Nikkei Business. 3rd December 2004

After a couple of quarters of robust growth, the Japanese economy slowed sharply in the three months to end June. When these data were published, great confidence was expressed by interested parties, including bureaucrats and stockbrokers, that the apparent slow down was either a temporary blip or a misapprehension resulting from faulty data. We now have GDP figures for the quarter to end September. These show that the economy has slowed further since June and is now barely growing at all. It seems clear that, if we compare the earlier figures with the comments made about them, we have witnessed a case of faulty judgement rather than faulty data.

Despite the bad news, optimism about the economy remains rife.
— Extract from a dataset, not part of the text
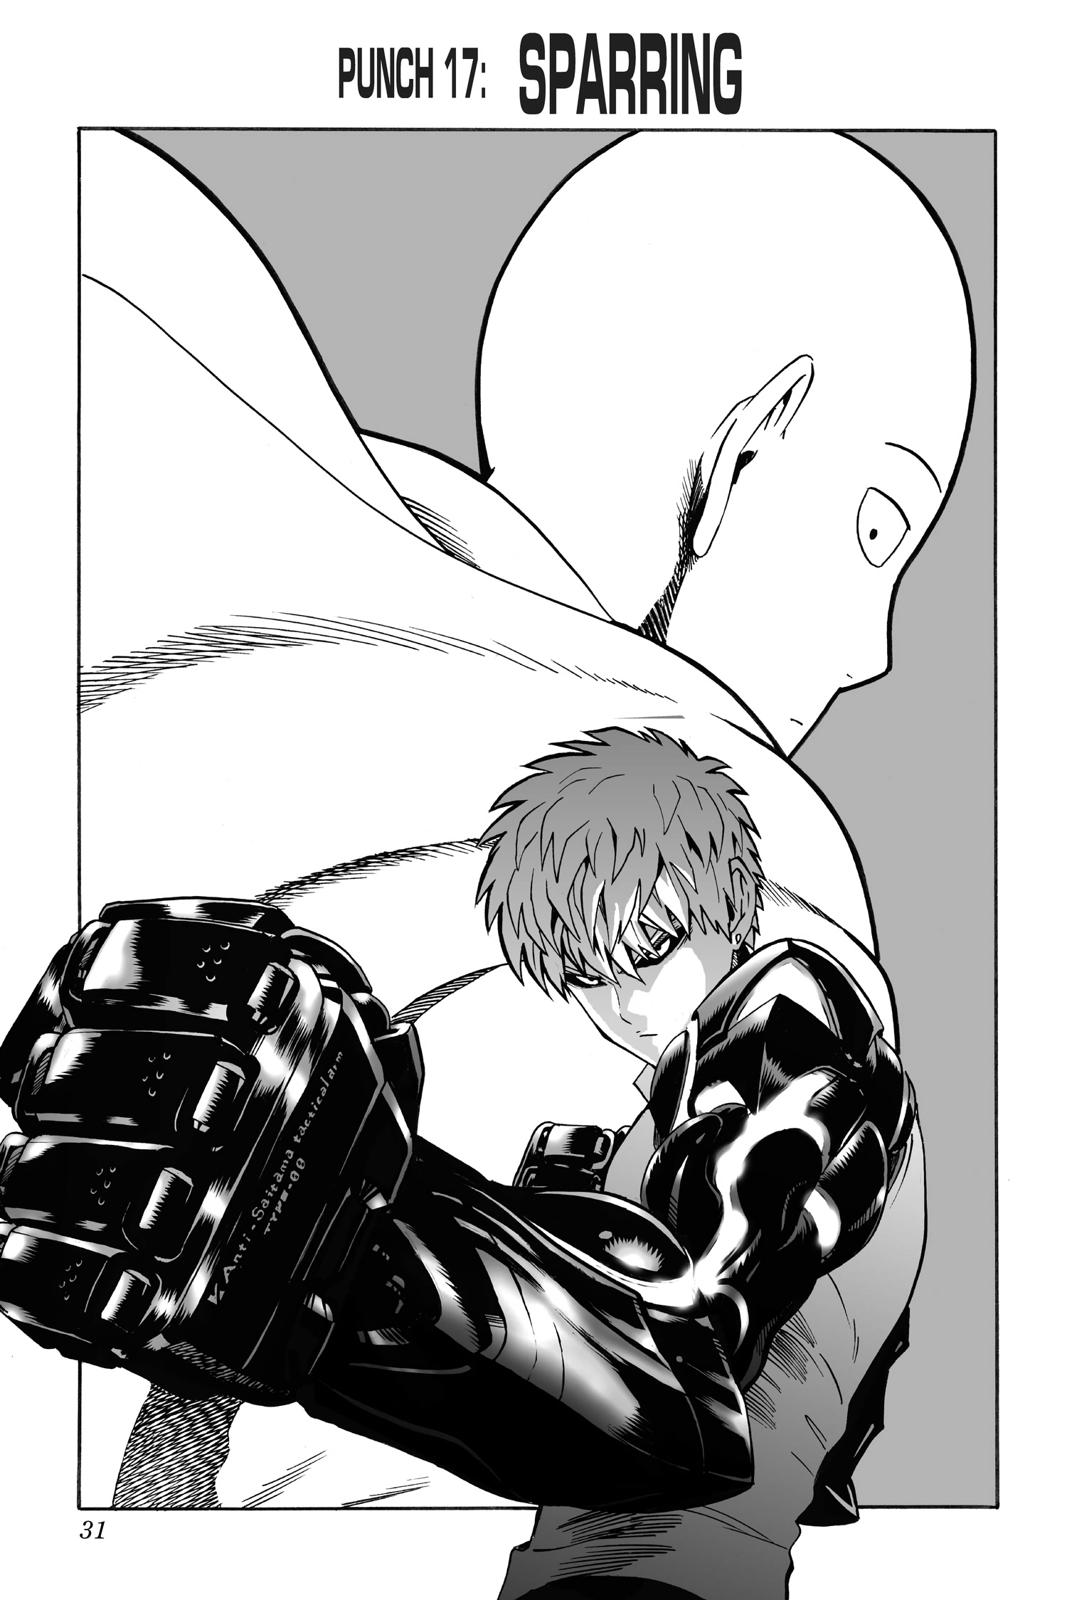 One-Punch Man, Punch 17 image 01
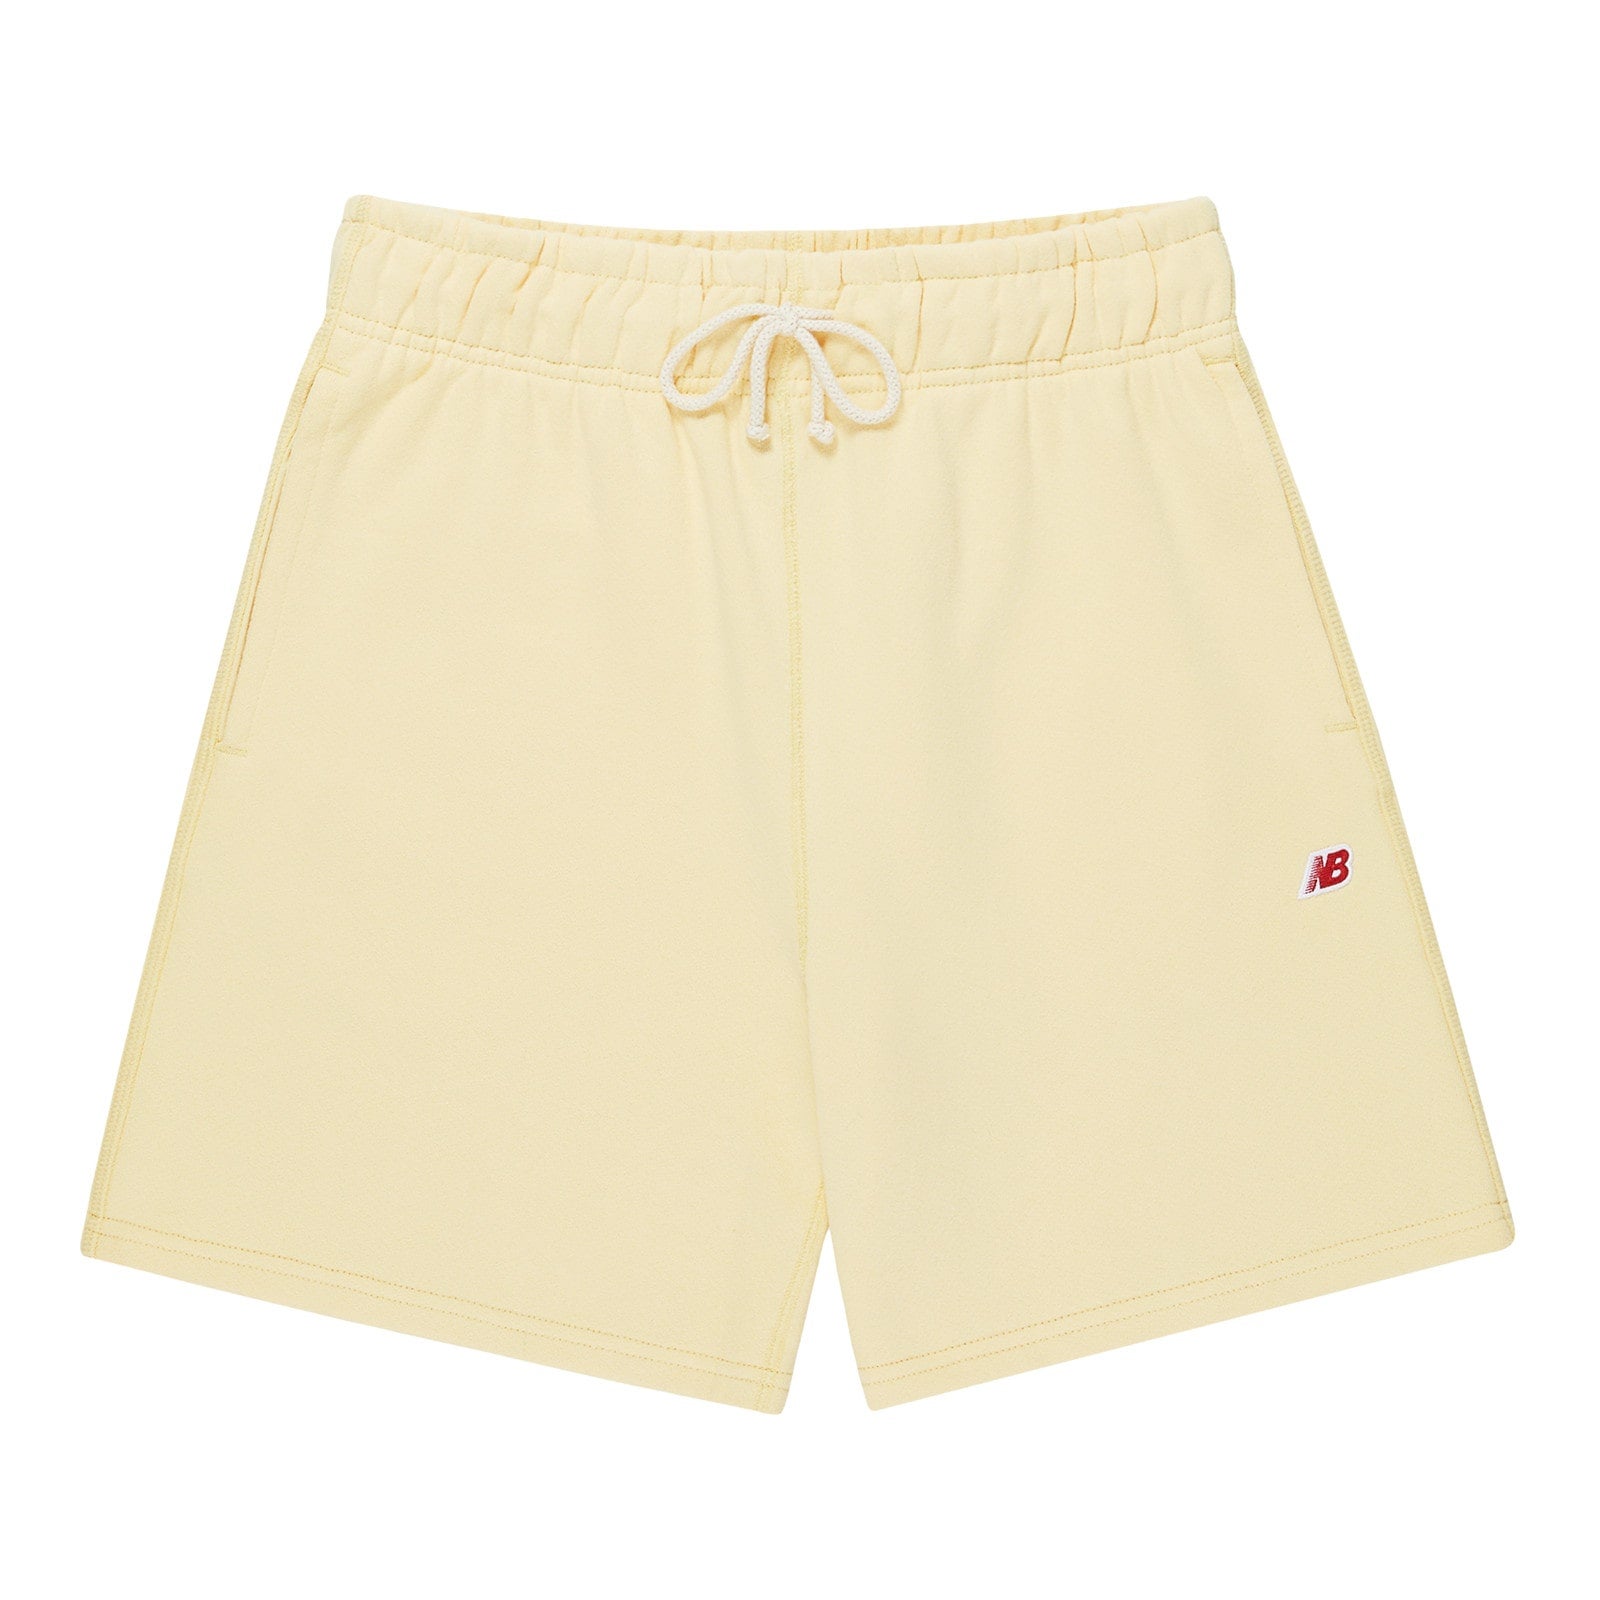 MADE in USA Core Short

For example, Bank of Japan Governor, Toshihiko Fukui, said on 11th November that he was “certain the BOJ will not make a downward revision” when they next come to publish their views on the outlook for the economy in January 2005.

While the views of Governor Fukui reflect his assessment of economic prospects, and may therefore prove to be correct, many foreign commentators appear caught in a time warp in which the views they express seem to have been made as if oblivious to the clear message coming from recent data.

An example of this is provided by the Economist Newspaper in its 13th November edition, in which one can read that “What really turned the dollar around early this year was massive intervention by the Bank of Japan. But with Japan’s economy now in much stronger shape, it may be less eager to buy dollars.”

This is an astonishing remark in the context of the data for the past six months, which has pointed, with startling clarity, to an economy which is not stronger than it was earlier in the year but much weaker. The Ministry of Finance stopped intervening in March this year, when the economy had been growing at over 6% p.a. for the previous two quarters. Since then we have had a rash of data showing unequivocally that output has now ground to a halt.

Although short-term forecasts amount to little more than guesswork, it is nonetheless possible to make rational assessments of the medium-term economic outlook. This requires an objective consideration of the major imbalances in the economy and an analysis as to whether they can be expected to cure themselves without strain. If such good fortune cannot reasonably be expected, responsible planning requires the introduction of new policies.

Japan has several major disequilibria which need attention. The most worrying is the excessive level of corporate investment. This exposes the economy to major risks, not only because demand will fall as investment declines, but because it is ignored in the comments made by the Ministry of Finance and Bank of Japan. While the first point is worrying from a short-term viewpoint, the other is even more serious, because problems which are ignored are seldom satisfactorily resolved

Consumer spending has remained buoyant, but as incomes are falling, this has only been possible because households cut back on their savings. These have now fallen to very low levels and many economists, such as those in the OECD and in the UK’s National Institute for Economic and Social Research, expect the fall to halt or reverse.

Once again, the data showing that the economy is in bad shape may be wrong, or we may be about to witness a return to growth. But this was the consensus three months ago, and since then the data shows a worse rather than a better trend. To rely on the data being wrong again, or the economy being about to pick up, cannot therefore be other than dangerous.

Children, when they find a joke are fond of repeating it. To try and help them grow up, my wife and I used tell our children that “once is funny, twice is silly.” Those in charge of Japan’s economy would do well to heed this. It is possible that the economy will now improve without any measures to stimulate growth. But it may not, and the Japanese people have the right to know what plans are in place to avoid a fall back into recession.

Since export growth is so clearly essential, the most important issue on which the Japanese people need to be reassured is that the Ministry of Finance will return to intervening in the foreign exchange market, to ensure that the yen does not strengthen.